Video that Reveals the Invisible: Novel Technology for Real-Time, Non-Invasive Free Flap Monitoring
Richard S. Gaster, M.D., Ph.D.1, Aaron J. Berger, M.D., Ph.D.2, Gordon K. Lee, M.D.2.
1Harvard University, Boston, MA, USA, 2Stanford University, Stanford, CA, USA.
Our mission is to develop an effective, non-invasive method for the continuous monitoring of tissue perfusion after free flap surgeries. We sought out to re-invent the utility of the video camera by introducing mathematical algorithms capable of revealing seemingly invisible changes in video recordings, and magnifying those subtle changes into the visibly detectable range. With this tool, we propose to introduce a novel method for monitoring free flaps in patients during the immediate post-operative period.

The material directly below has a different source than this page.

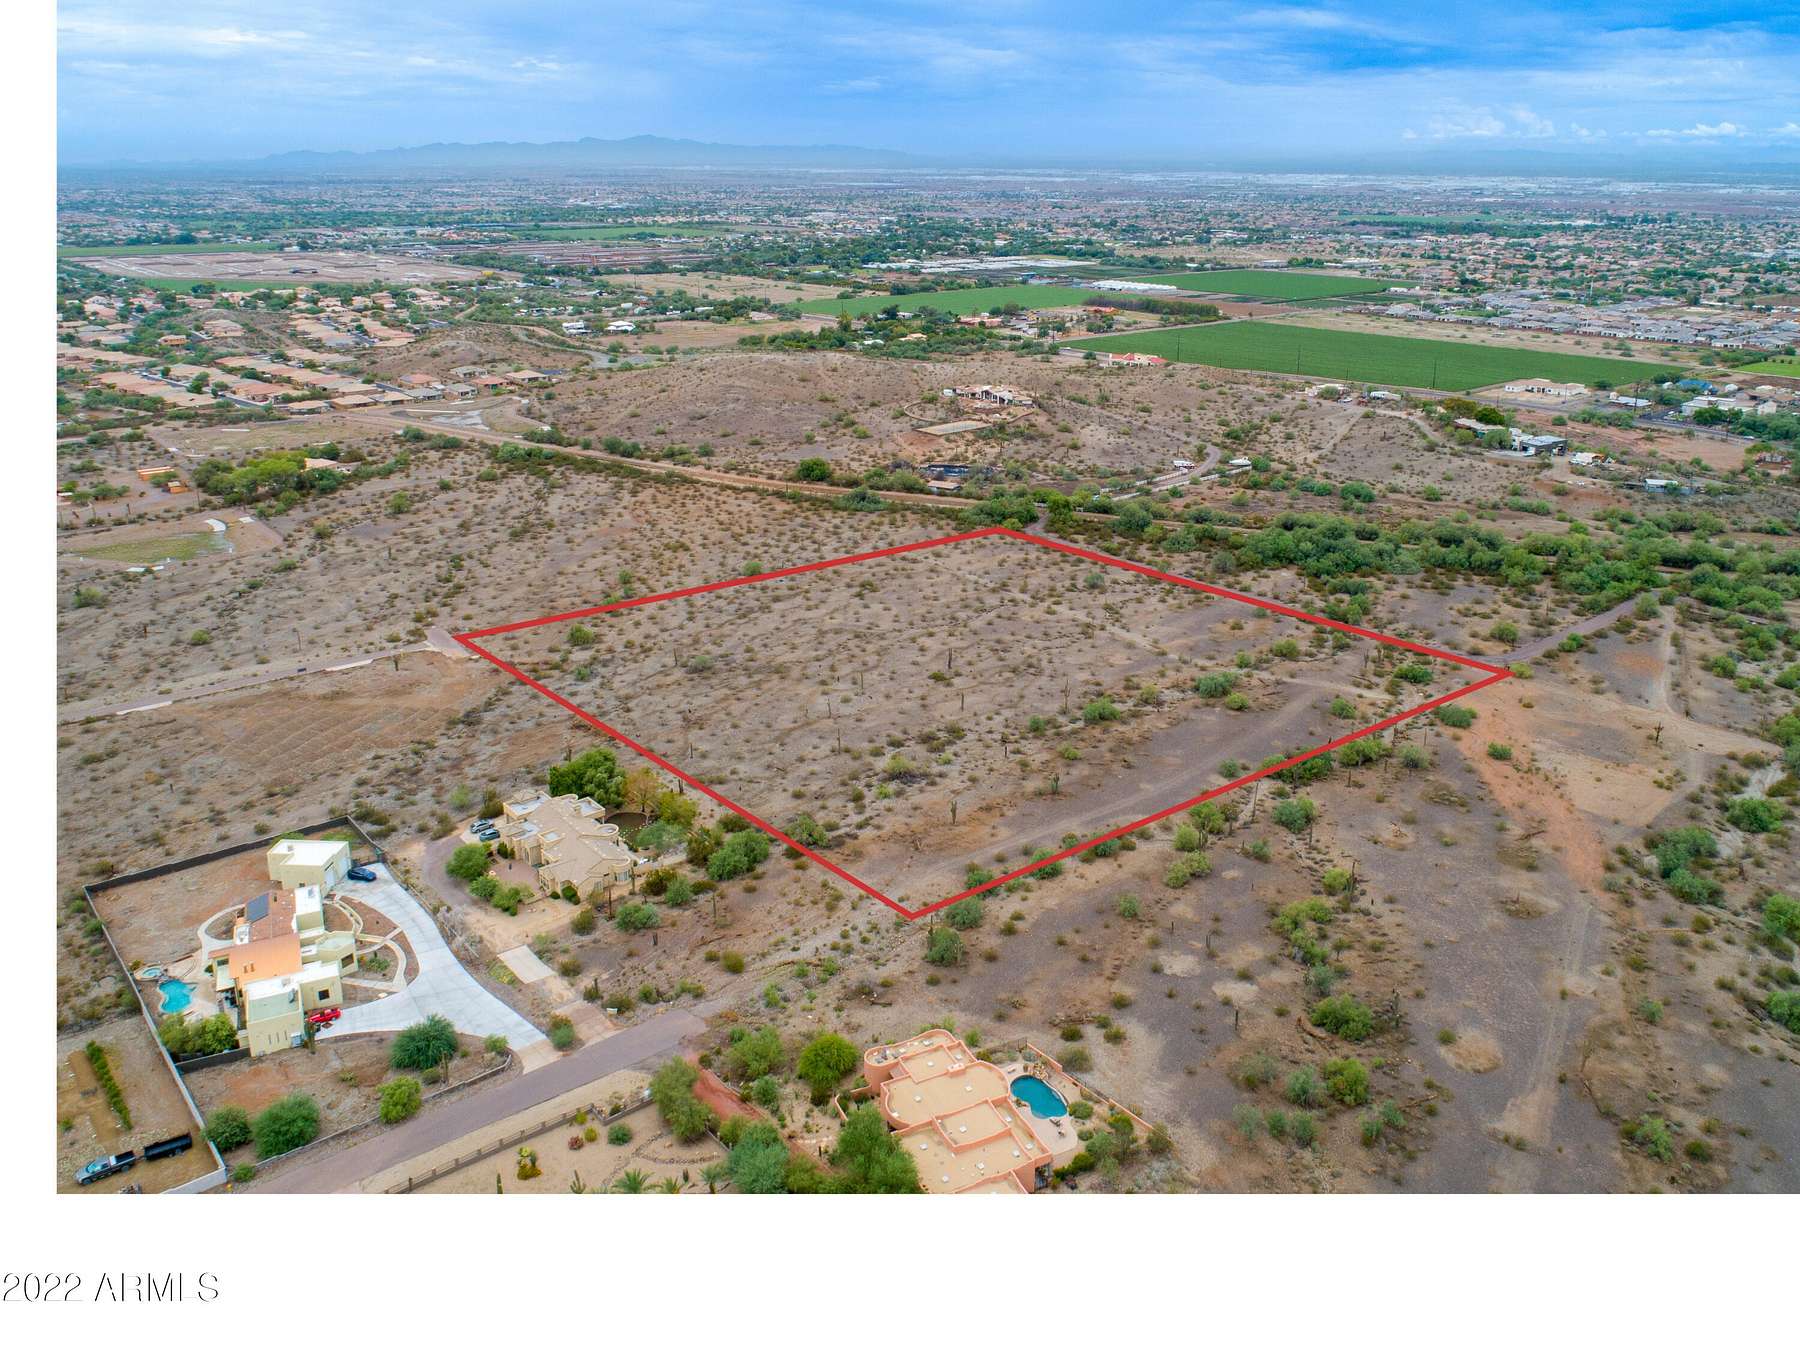 9.7 Acres of Land for Sale in Phoenix, Arizona

Utilizing mathematical manipulation of video recordings, we deconstruct standard video sequences, frame-by-frame, and pixel-by-pixel, into individual data points. By comparing pixels across time, and amplifying subtle changes by up to 200-fold, we demonstrate the ability to reveal seemingly undetectable changes in both color and motion recorded in the video.

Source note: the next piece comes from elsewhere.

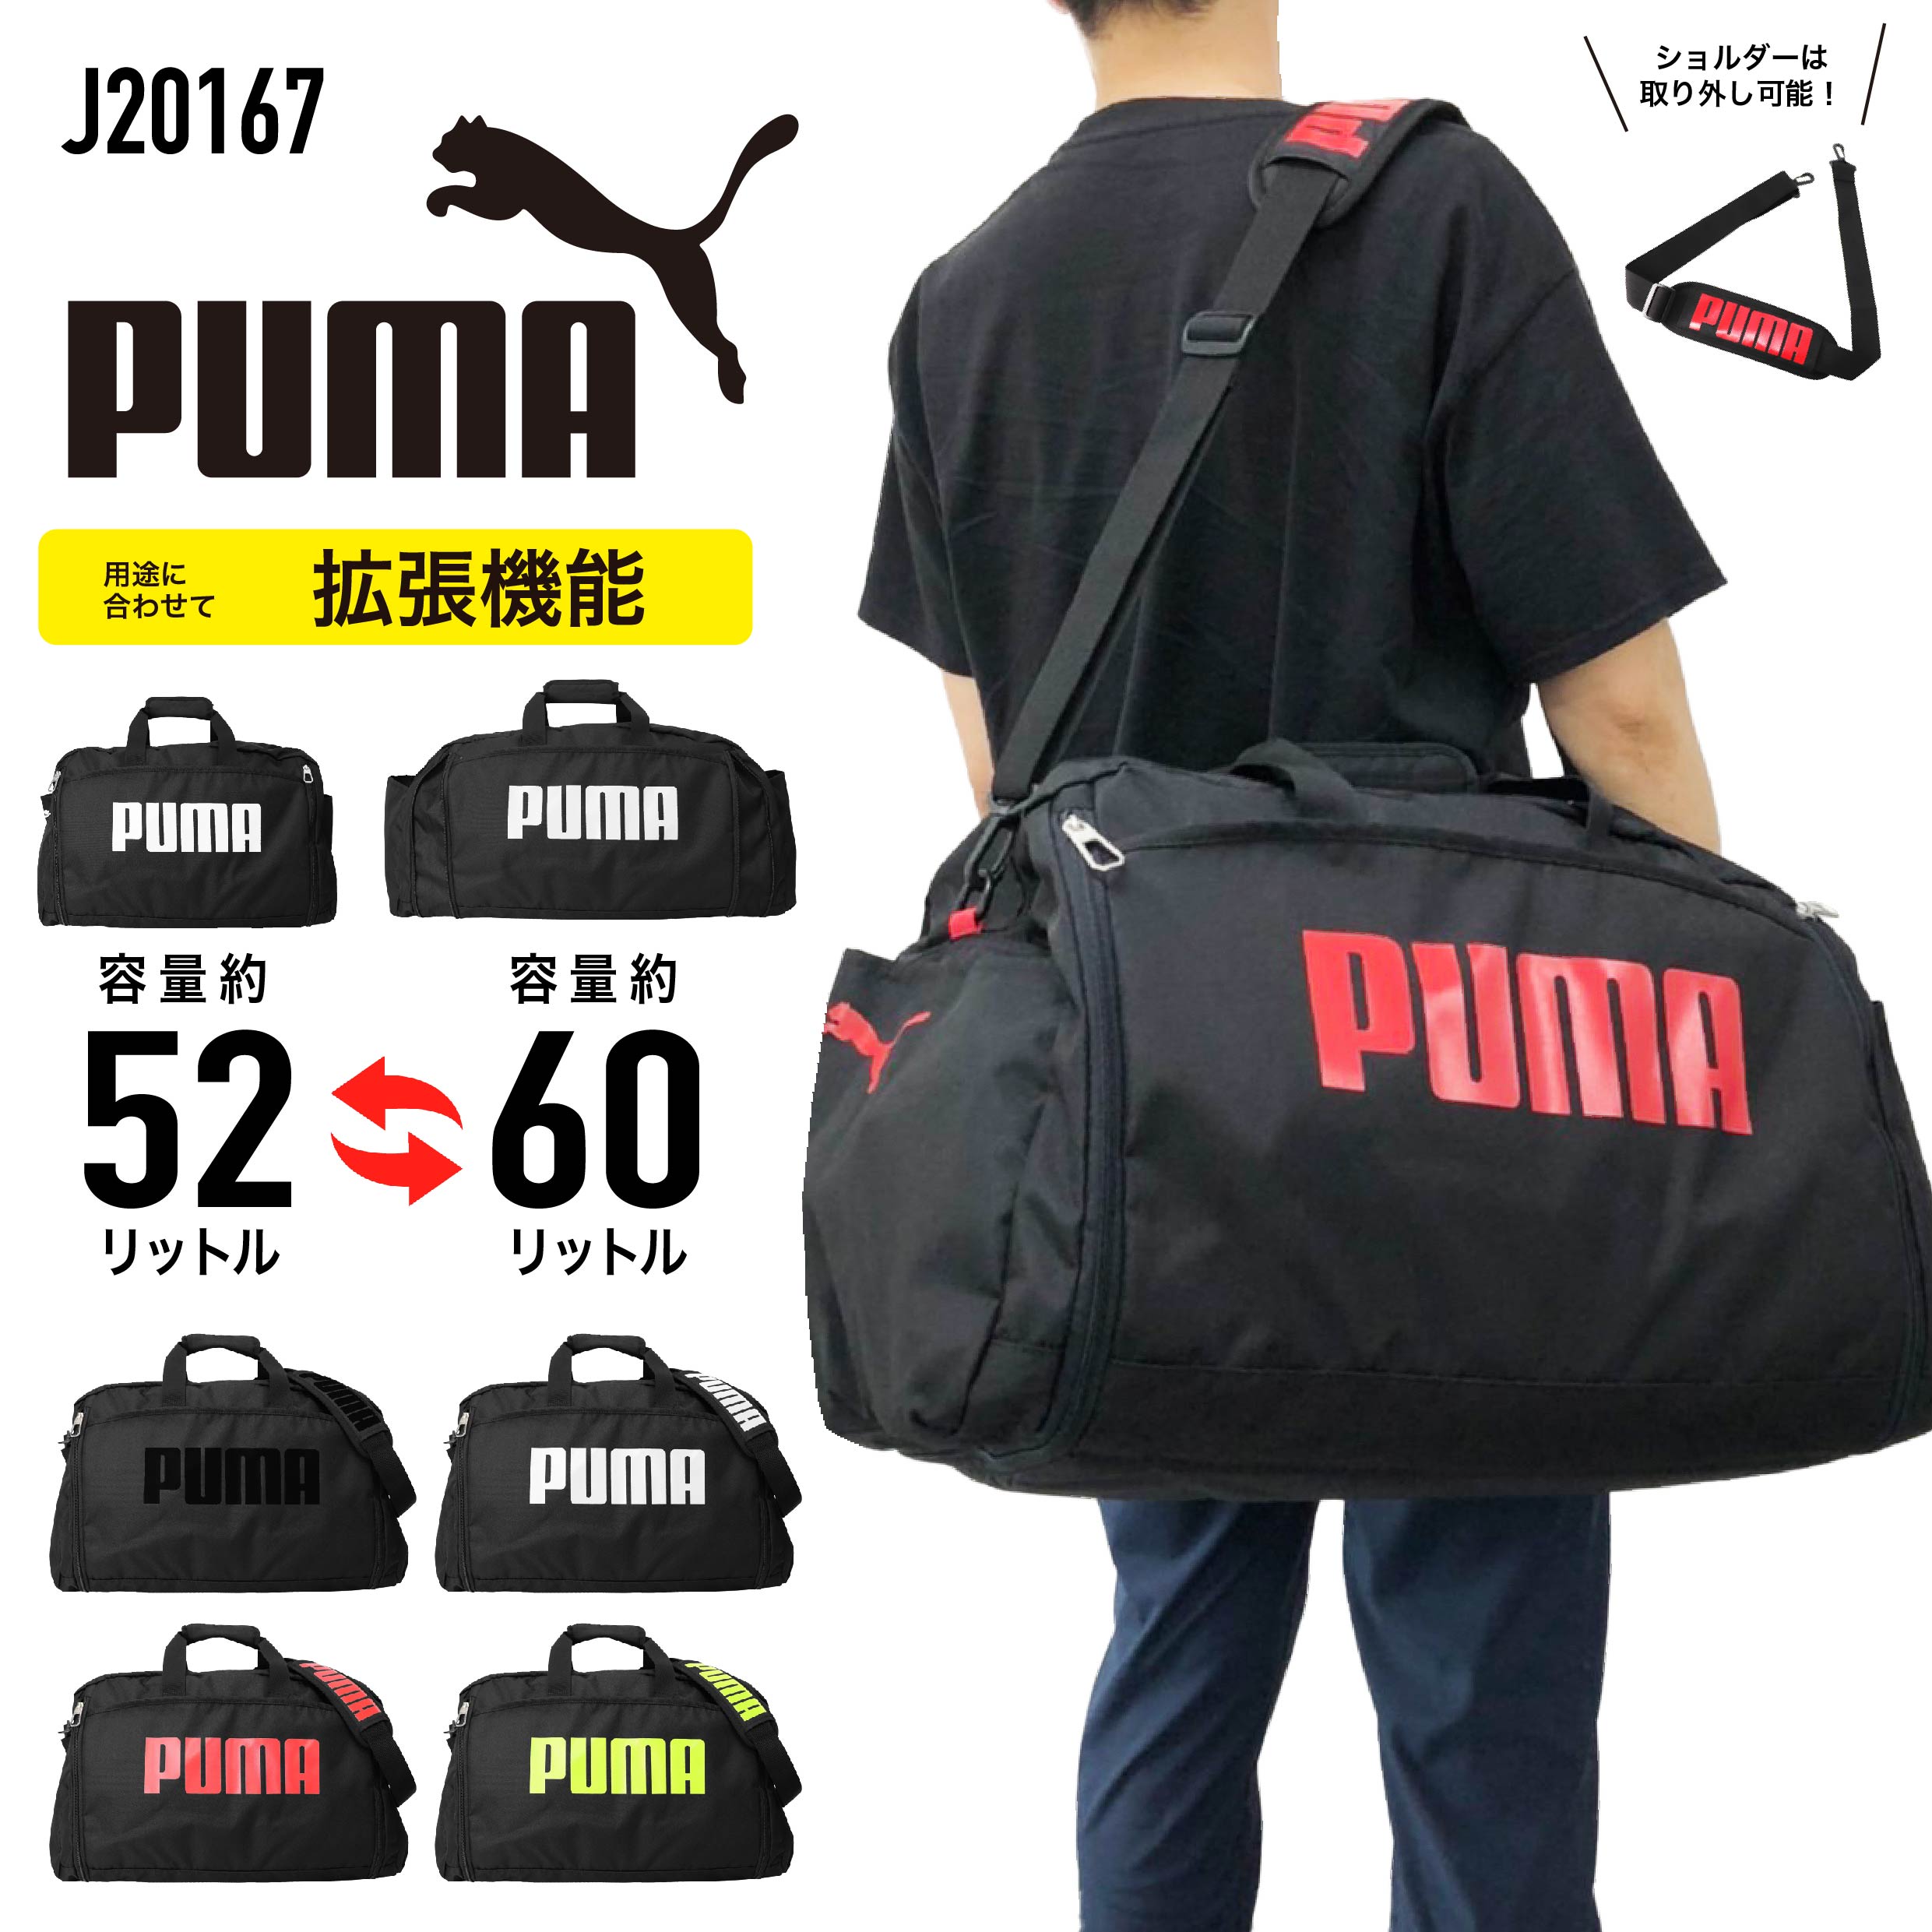 【楽天市場】【あす楽】PUMA プーマ ボストンバッグ 2WAY

When video magnification is applied to a recording of skin, we demonstrate the ability to magnify the color change of the skin associated with capillary blood flow and identify pulsating color changes at a frequency of approximately 1.2 Hz, consistent with a heart rate of 72bpm (Figure 1). The now perceptible pulsating color changes are a direct result of each heartbeat and correlate to the pulsatile blood flow into the flap. Since the vascular blood supply of a free flap is restricted to a single artery by the nature of the procedure, one can reasonably infer that the pulsatile color change on the skin is a direct proxy for the pulsatile blood flow through the recently anastomosed artery. Therefore, if the amplitude of the color change during each pulsation is reduced or stops altogether, one can infer that the anastomosis has been compromised. Thus, we can now utilize the video camera to non-obtrusively monitor perfusion of a skin paddle in free flaps to gain insights into overall perfusion of a free flap.

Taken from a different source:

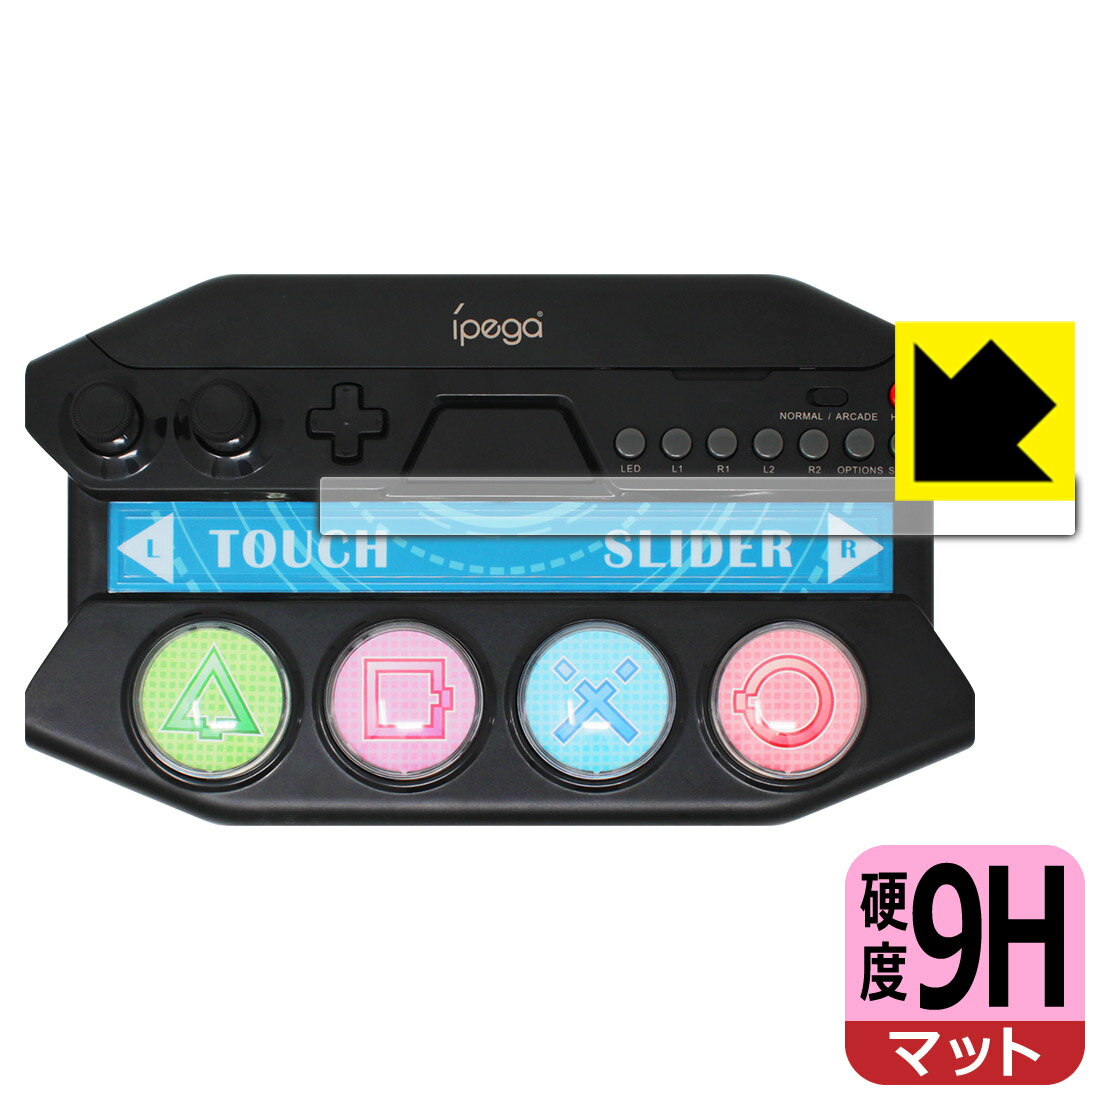 PEGA GAME ミニコントローラー P4016 用 9H高硬度【反射低減】保護フィルム 日本製 自社製造直販

In our experience, the use of video magnification holds great promise for the routine monitoring of free flaps post-operatively. This technology has the ability to relay information regarding capillary perfusion at the skin and can act as a real-time source for indirectly monitoring the blood flow through the vascular pedicle of a free flap. Such a tool has the potential to aid in potentiating rapid return of patients to the operating room in the setting of flap compromise in a continuous fashion.